What appears to be the second version of the Arab Spring will continue in Iraq, Lebanon, and Algeria with varying outcomes. There will be fears of a contagion affecting Egypt and Jordan. The likelihood of an Israeli-Iranian showdown through proxies is great but will be clearer after the Israeli elections. Turkey’s increasing influence in regional affairs will go unchecked.

 

“What appears to be the second version of the Arab Spring will continue in Iraq, Lebanon, and Algeria with varying outcomes. There will be fears of a contagion affecting Egypt and Jordan.”


- Osama al-Sharif, veteran journalist based in Amman, Jordan

 

Laith al-Ajlouni, Jordanian political economy researcher:


It seems that the second version of the Arab spring will continue in Lebanon and Iraq as long as the new generation is looking for new civic-based solutions beyond sectarian politics. In Lebanon, the terrorist militia ''Hezbollah'' may attack Israel in order to mobilize the Lebanese public in the interest of its agenda and to keep them from demanding reform in Lebanon.

In the Gulf, the embargo on Qatar might end as more economic cooperation is needed in the region, especially with the Saudi need for Qatari investments in Aramco's IPO and other projects that fulfill the Saudi vision 2030.

 

Barak Barfi, Research Fellow at the New America Foundation:


The Iranian-Saudi Arabian proxy conflict will continue to vex the Middle East. Though the Iranians have proved to be much more adept in this contest, the Saudis can rely on American support. Washington will continue to ratchet up the pressure. With Europe unwilling to provide Tehran sanction relief, future irrational moves such as the September 2019 Abqaiq refinery attack cannot be ruled out.
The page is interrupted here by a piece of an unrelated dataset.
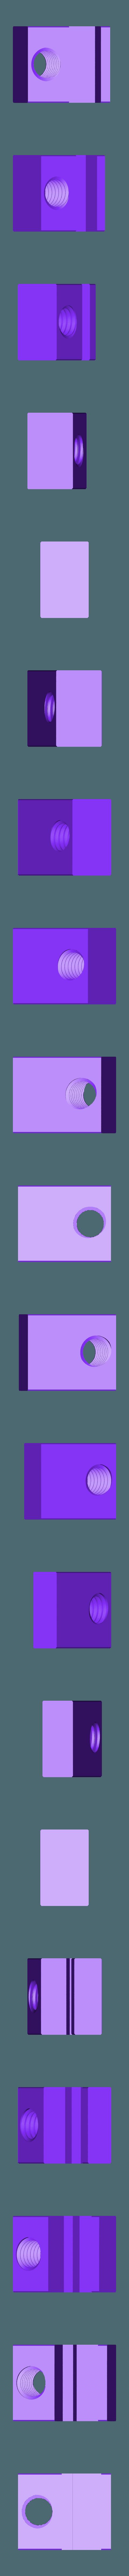 5GS_front.stl Télécharger fichier STL gratuit Réplicateurs de 5ème génération pour la fabrication de plaques stablizers • Plan à imprimer en 3D, Muzz64
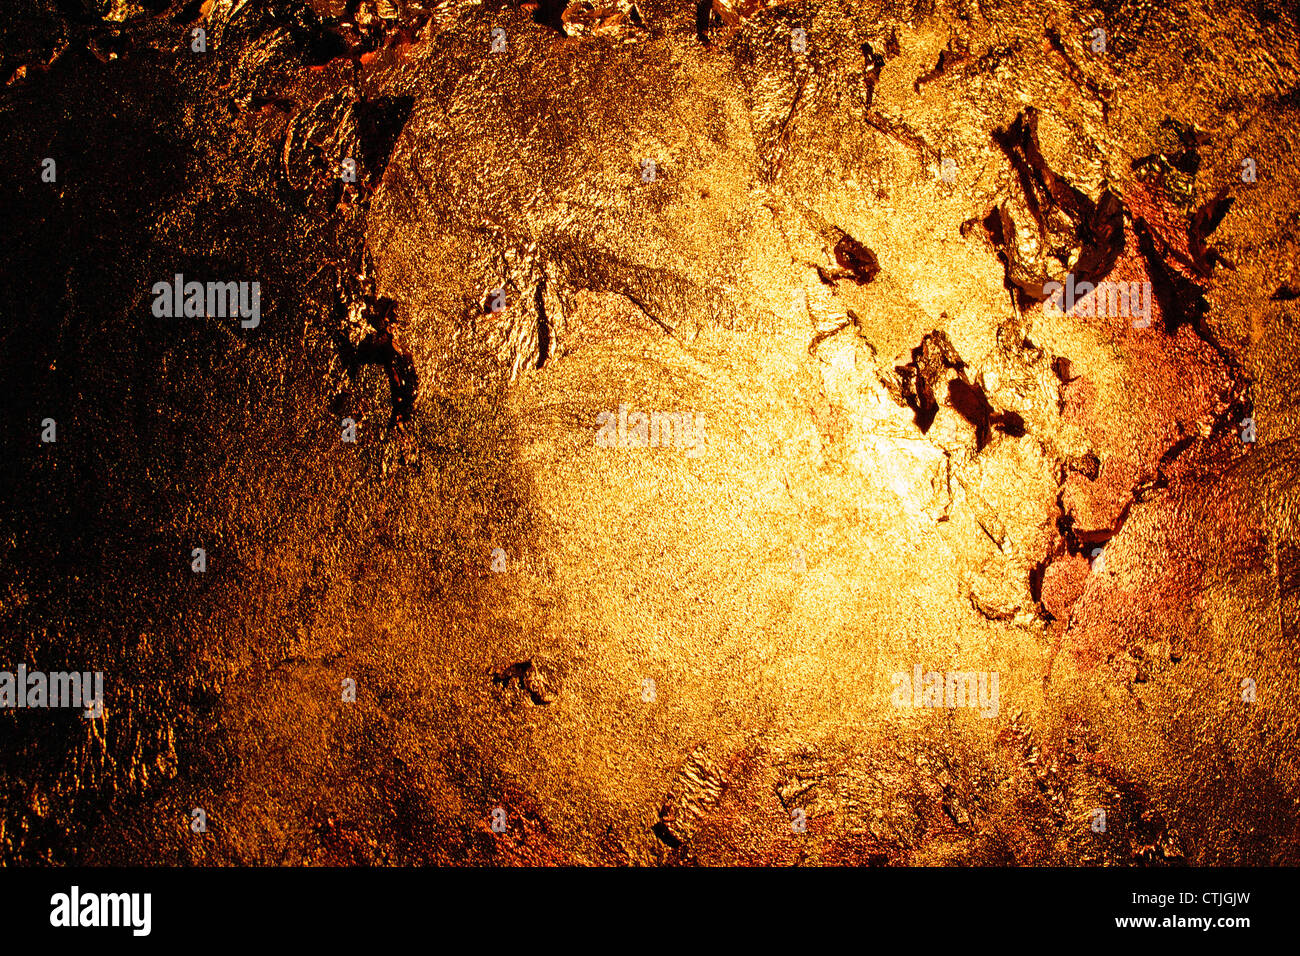 Eine Wand gemalt von gold, realistische gold Textur. Stockbild

Political instability will continue to plague the region. While protests in Iraq and Lebanon have garnered international attention, government transitions in Algeria and Sudan have not. That is because these nations are marginal players in the Arab world. Algeria has never had good relations with its neighbors and Sudan is just as much African as it is Arab. In contrast, Iraq and Lebanon are largely controlled by Iranian proxies and sympathetic forces. Tehran will likely have to persuade its allies to make some concessions. This will require the efforts of the Iranian Republican Guard Corps, thus reducing the bandwidth it can dedicate to other regional issues.

 

Key Trends in the Gulf:


Prof. Anoush Ehteshami, Professor of International Relations and Director, Institute for Middle Eastern & Islamic Studies, Durham University:


At the inter-state level, the Gulf region will remain focused on the inter-GCC tensions in 2020 [and] more on how to reduce these tensions and, for this, there’ll be growing pressure from DC as well, given that this will be a presidential election year and the White House will need foreign policy stability. [This will be] followed by efforts to finally stabilize Yemen and reduce the conflict to skirmishes. This will be easier said than done, however, as the gap between the warring parties remains wide and, in certain respects, unbridgeable. But, going forward, the KSA appears keen to bring the conflict to an end so there’s hope that that might happen.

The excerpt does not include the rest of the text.